El que dirige (así 1o creen los otros doce) está por tomar e1 gobierno. Y cada uno de ellos está decidido a conseguir el mejor puesto cuando el Rey tome el poder. Dos de los doce ya tuvieron el atrevimiento de pedir que les dieran los mejores puestos en la Administración. Obviamente, con gran disgusto de los otros diez. Cada hombre, silenciosamente, se compara con los demás y se siente convencido de ser más capaz que los otros once.
Imagina que estamos allí… profesamos ser los seguidores del Rey. De modo que nos sentamos allí y tratamos de ignorar nuestro deber. Procuramos por todos los medios ignorar el hecho doloroso, pero evidente, de que hay una obra que hacer, una tarea que ninguno de nosotros quiere cumplir.
Nos reunimos para comer. Obviamente, un siervo debería lavar el polvo de nuestros pies. Pero, esta noche no tenemos siervo. Alguien debe hacer el trabajo, pero ¿quién?
Es obvio que si quieres ser el primer ministro no conviene que te vean haciendo el trabajo denigrante de un siervo. Los soberanos no se ensucian las manos; si uno va a tener un puesto elevado en la jerarquía del palacio, ¡ni pensar en hacer el trabajo típico de un esclavo!

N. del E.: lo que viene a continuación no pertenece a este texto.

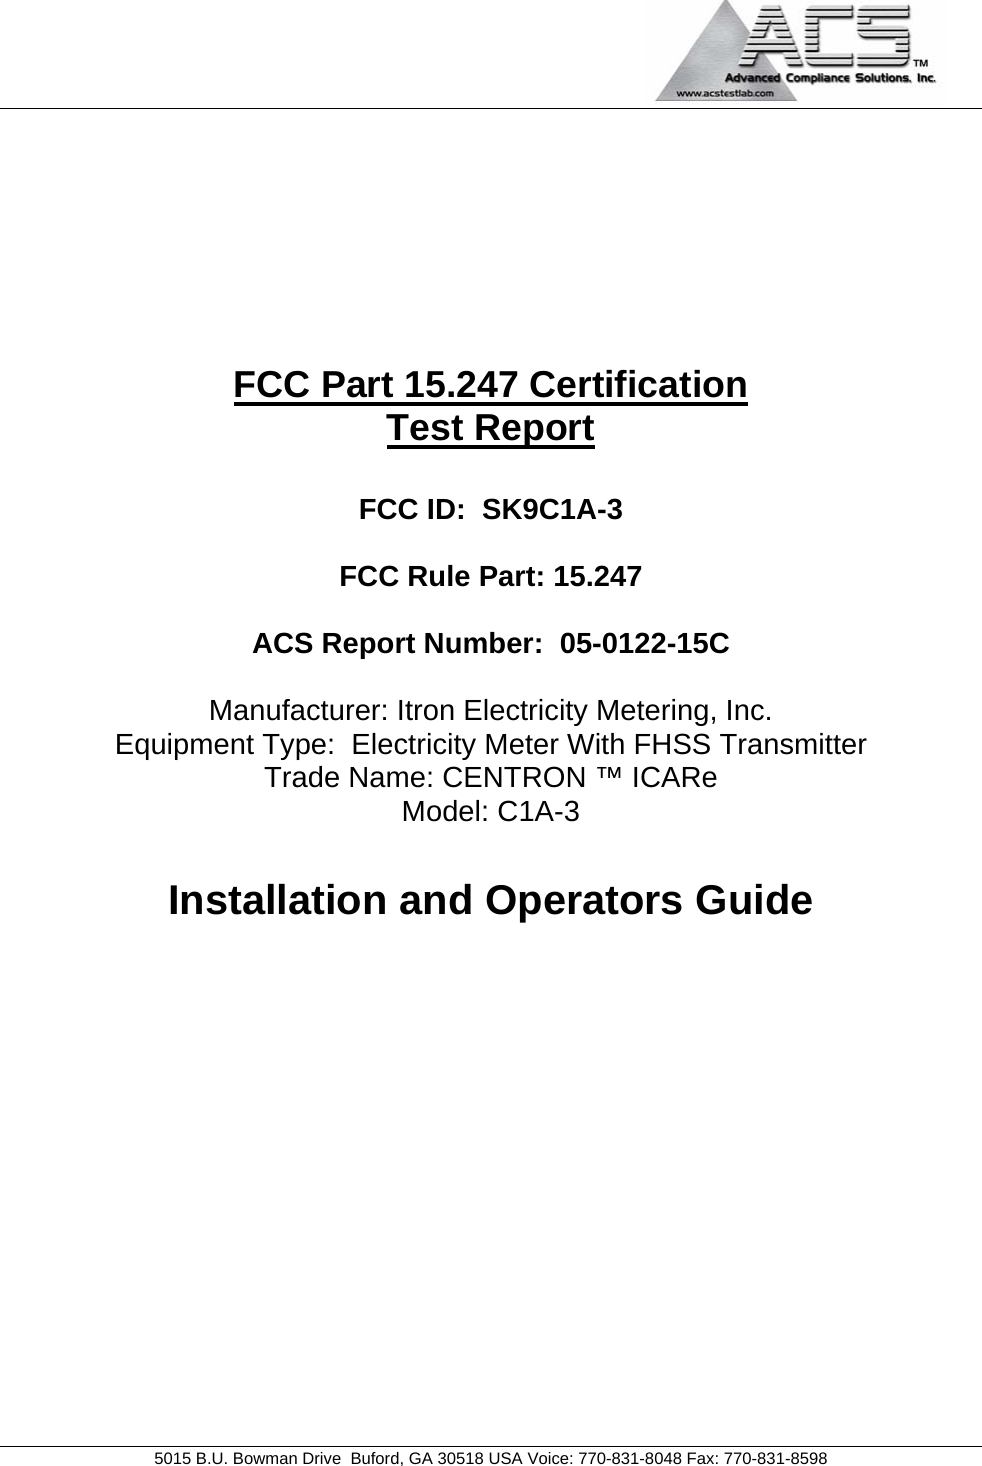                                             5015 B.U. Bowman Drive  Buford, GA 30518 USA Voice: 770-831-8048 Fax: 770-831-8598        FCC Part 15.247 Certification Test Report  FCC ID:  SK9C1A-3  FCC Rule Part: 15.247  ACS Report Number:  05-0122-15C   Manufacturer: Itron Electricity Metering, Inc. Equipment Type:  Electricity Meter With FHSS Transmitter Trade Name: CENTRON ™ ICARe Model: C1A-3  Installation and Operators Guide

Además, el acto mismo es desagradable. El solo hecho de arrodillarse y lavar los pies empolvados y sudorosos de doce hombres que no tienen ni una décima parte de tu capacidad y clase. ¡Ni pensarlo!
Seguimos esperando, y la situación se vuelve bochornosa. Finalmente, alguien se mueve. Se para, llena la fuente de agua, toma una toalla… Tú y yo tratamos de ver quién es el que por fin se decidió a admitir que no pertenece al linaje especial.
Al instante nos sentimos sorprendidos, y avergonzados. Se trata de nuestro líder, nuestro Rey. Sin decir palabra, se arrodilla ante nosotros y nos lava los pies, uno por uno.
Mudos de asombro, colorados de vergüenza, contemplamos cómo se mueve silenciosamente en su tarea.
¿Te das cuenta, querido colega, de que esta filosofía, la filosofía del aposento alto, contradice casi toda la sabiduría que hoy se acepta?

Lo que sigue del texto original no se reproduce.